Aslında mevcut terör soruşturmasına siyasete etkileri üzerinden yüklenme ve bu noktadan İmamoğlu projesine veya başka siyasi/kişisel projelere hız verme çabası siyasetin ve toplumun dinamiklerini göz ardı etmektir."
'YARGI SİYASETİ GÖZETEREK İŞLEM YAPMAZ'
Uçum, Türkiye'de yargı bağımsızlığına ilişkin tartışmaların AKP iktidarında yoğunlaşmış olmasına rağmen "Siyasetin yükü mahkemelerin ve Cumhuriyet savcılıklarının üzerine yıkılamaz" diyerek şöyle devam etti:
"Binlerce onbinlerce soruşturma, kovuşturma ve mahkeme kararı toplumda ve siyasette doğal olarak etki yapar. Bu etkileri doğru değerlendirmek ve uygun tutumlar almak siyasetçinin görevidir, hakimlerin ve savcıların değil.
Yargı; savcısıyla, hakimiyle kurumlarıyla kendi işini yapar, siyaseti gözeterek işlem yapmaz ve karar vermez. Yargı, yaptığı işlemlerin aktüel, siyasi tartışmaları ve neyi nasıl etkileyeceğini dikkate alarak hareket etmez. Yargının böyle bir görevi ve ödevi yoktur. Yargı bir işlem yaparken gelecekte siyasete etkisi ne olur diye bakarak da işini yapmaz. Bağımsız ve tarafsız yargı, görevi neyse onu yapar.
Bu nedenle savcıları ve hakimleri görevlerini yaptıkları için tehdit edenler, aşağılamaya çalışanlar büyük bir yanlış içindedir. Ayrıca böyle yapmak ‘kimsenin hakkı da haddi de değildir’. Yine adli işlemler özellikle de bir terör soruşturması üzerinden üretilmeye çalışılan siyasetin kimseye bir faydası yoktur. "
'MÜHENDİSLİK SİYASETİ YAPMAYA KALKIŞANLAR TÜRKİYE HALKINA HESAP VERİR'
Uçum'un paylaşımının devamı şöyle:
"Türkiye Halkı/seçmen bu tip masa başı oyunları çok iyi değerlendiren bir tecrübeye sahiptir. Terör soruşturması ve kovuşturması süreçlerini hukuk ve güvenlik açısından değerlendirmek gerekir. Bunları kendi kişisel ve siyasi ajandası için istismar edenlerin mühendislik planları toplumda karşılık bulmaz.
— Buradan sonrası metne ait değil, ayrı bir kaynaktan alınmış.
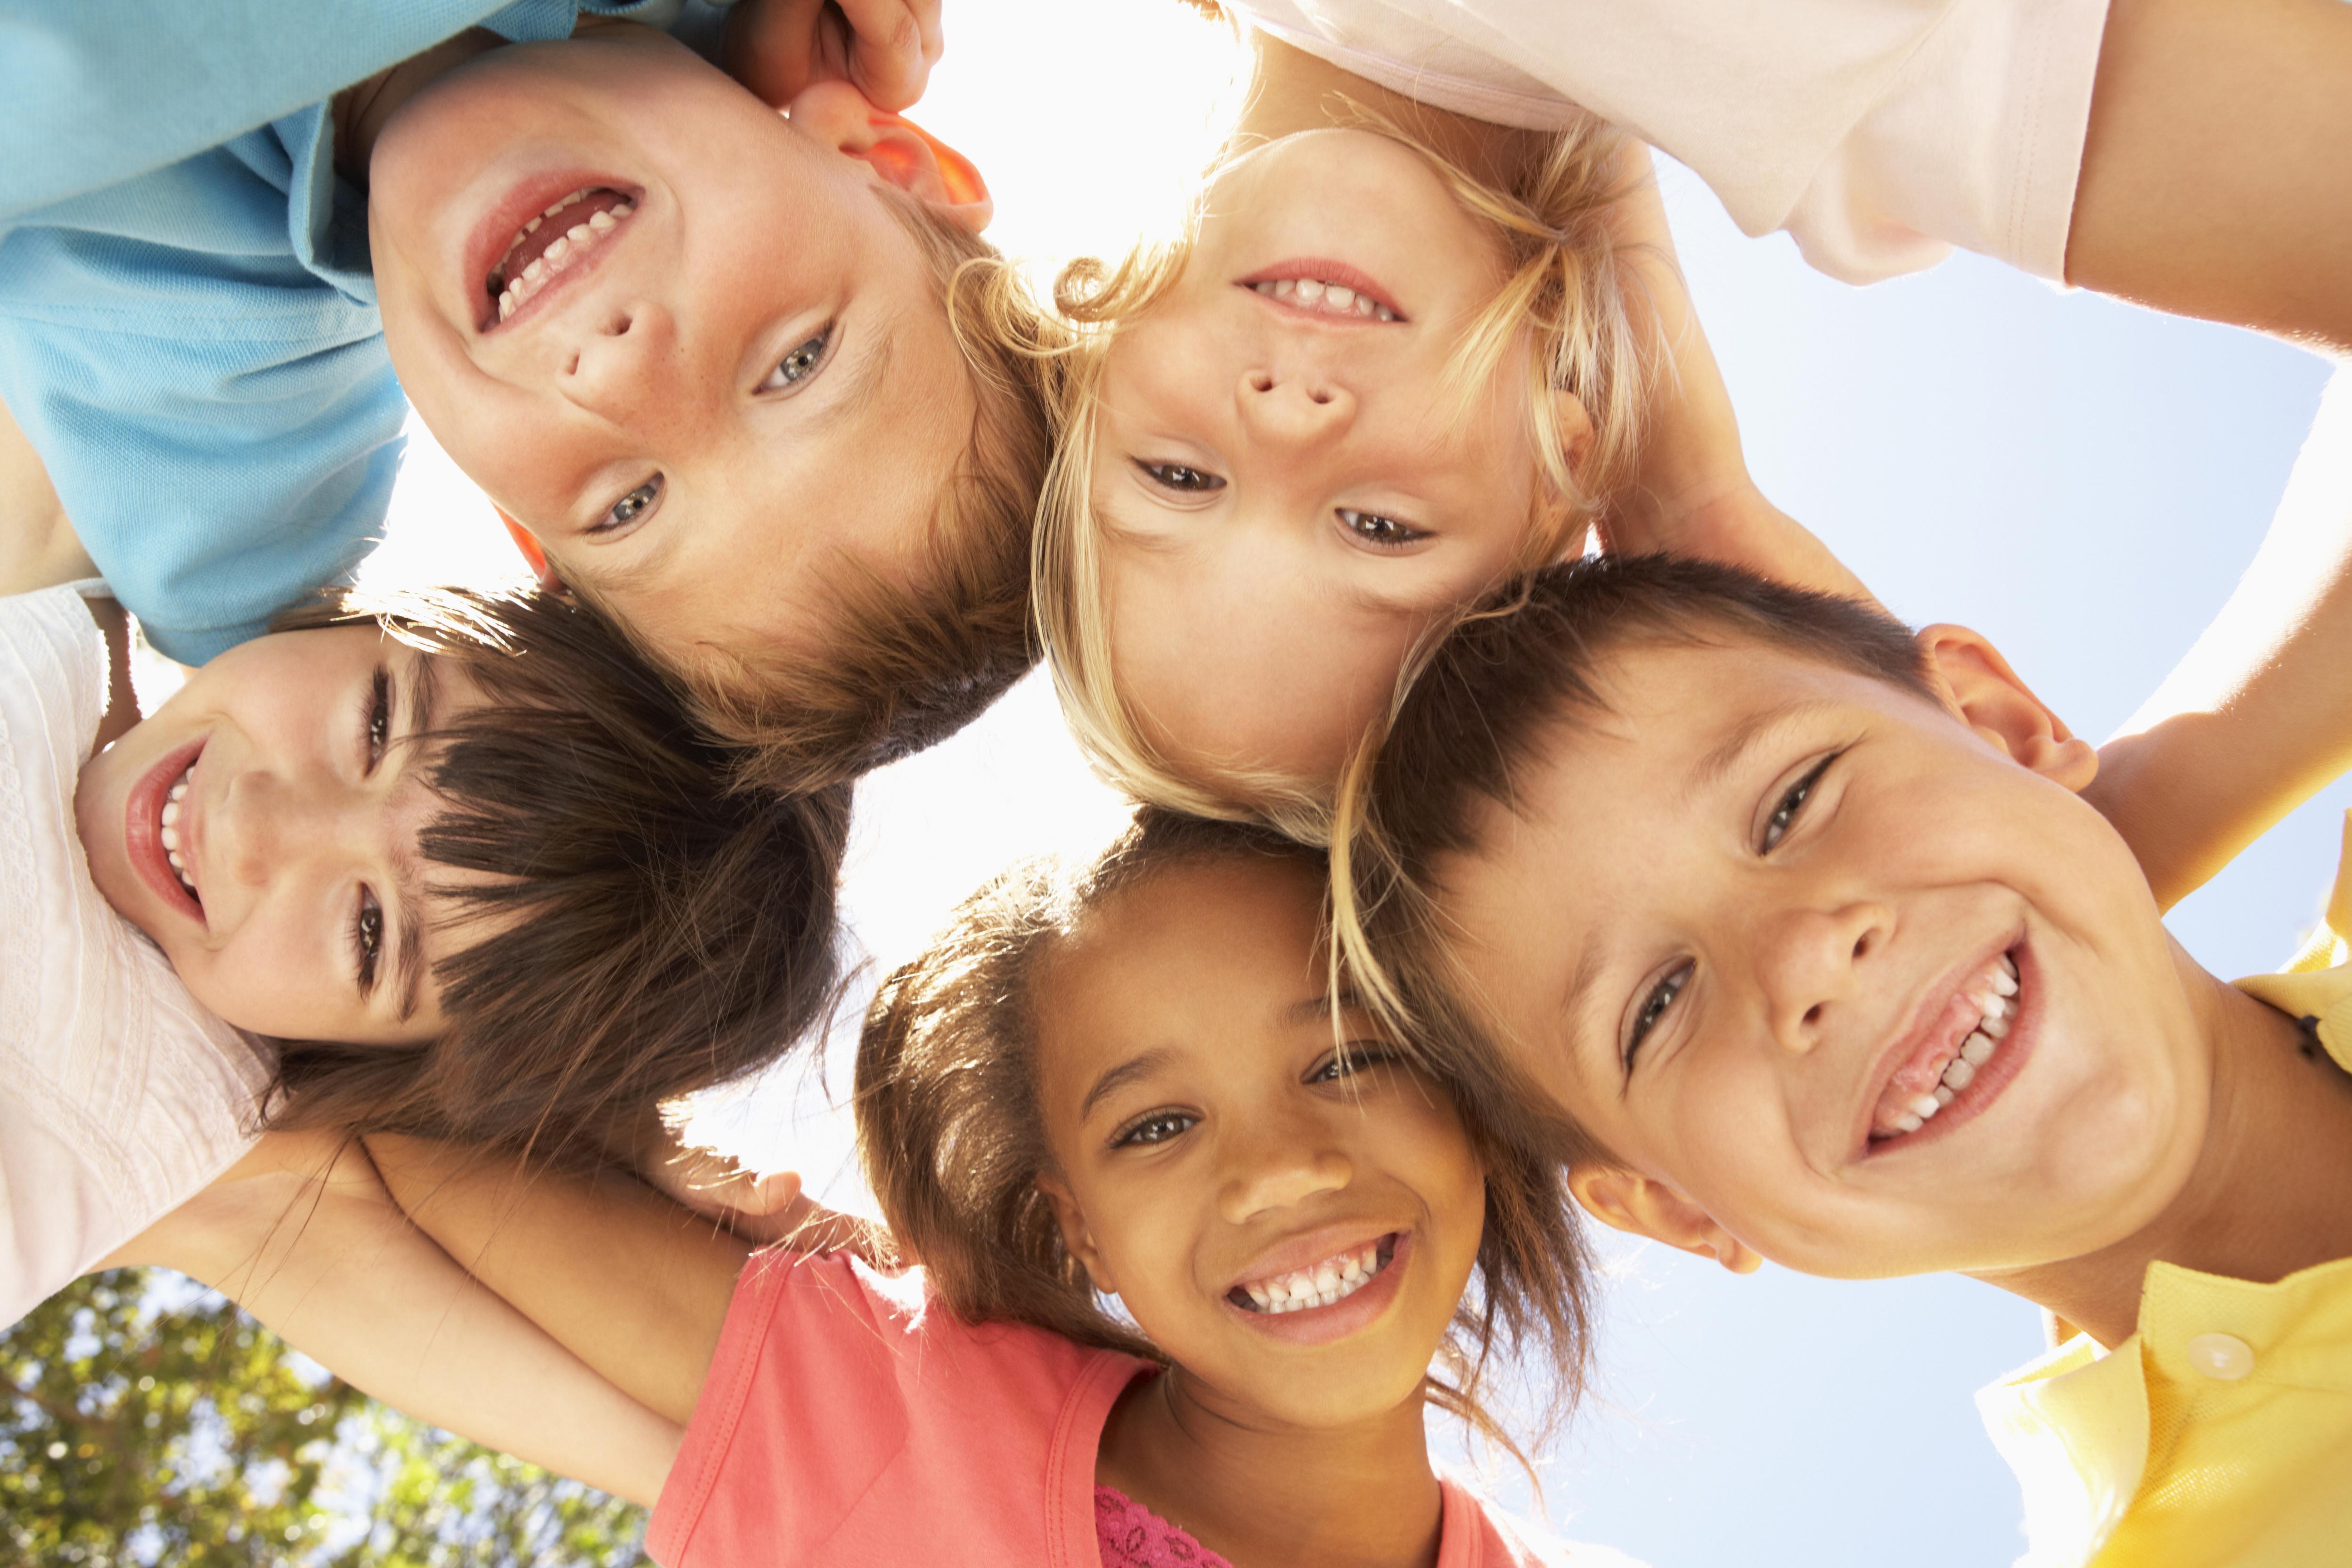 I studien lät forskare undersöka hur hur olika sinnesstämningar sprider sig bland barn och ungdomar och det visade sig att gott humör smittar.

Hiç unutulmasın Türkiye Toplumu teröre karşı her türlü ve her mecrada verilen mücadeleyi, alınan tedbirleri partiler üstü bir yaklaşımla ele alır ve destekler. Bu realiteyi göz ardı edenler ve teröre karşı operasyonları istismar ederek mühendislik siyaseti yapmaya kalkışanlar er geç Türkiye Halkına hesap verir.
Son olarak şunu ifade edelim; bu yaşananların “Terörsüz Türkiye” hedefini engellemesi, yavaşlatması söz konusu değildir. Daha da önemlisi tüm bunların Cumhurbaşkanımız Erdoğan’ın ifade ettiği büyük paradigma değişikliğine en ufak bir negatif etkisi olamaz, bunu bekleyenler çok yanılır."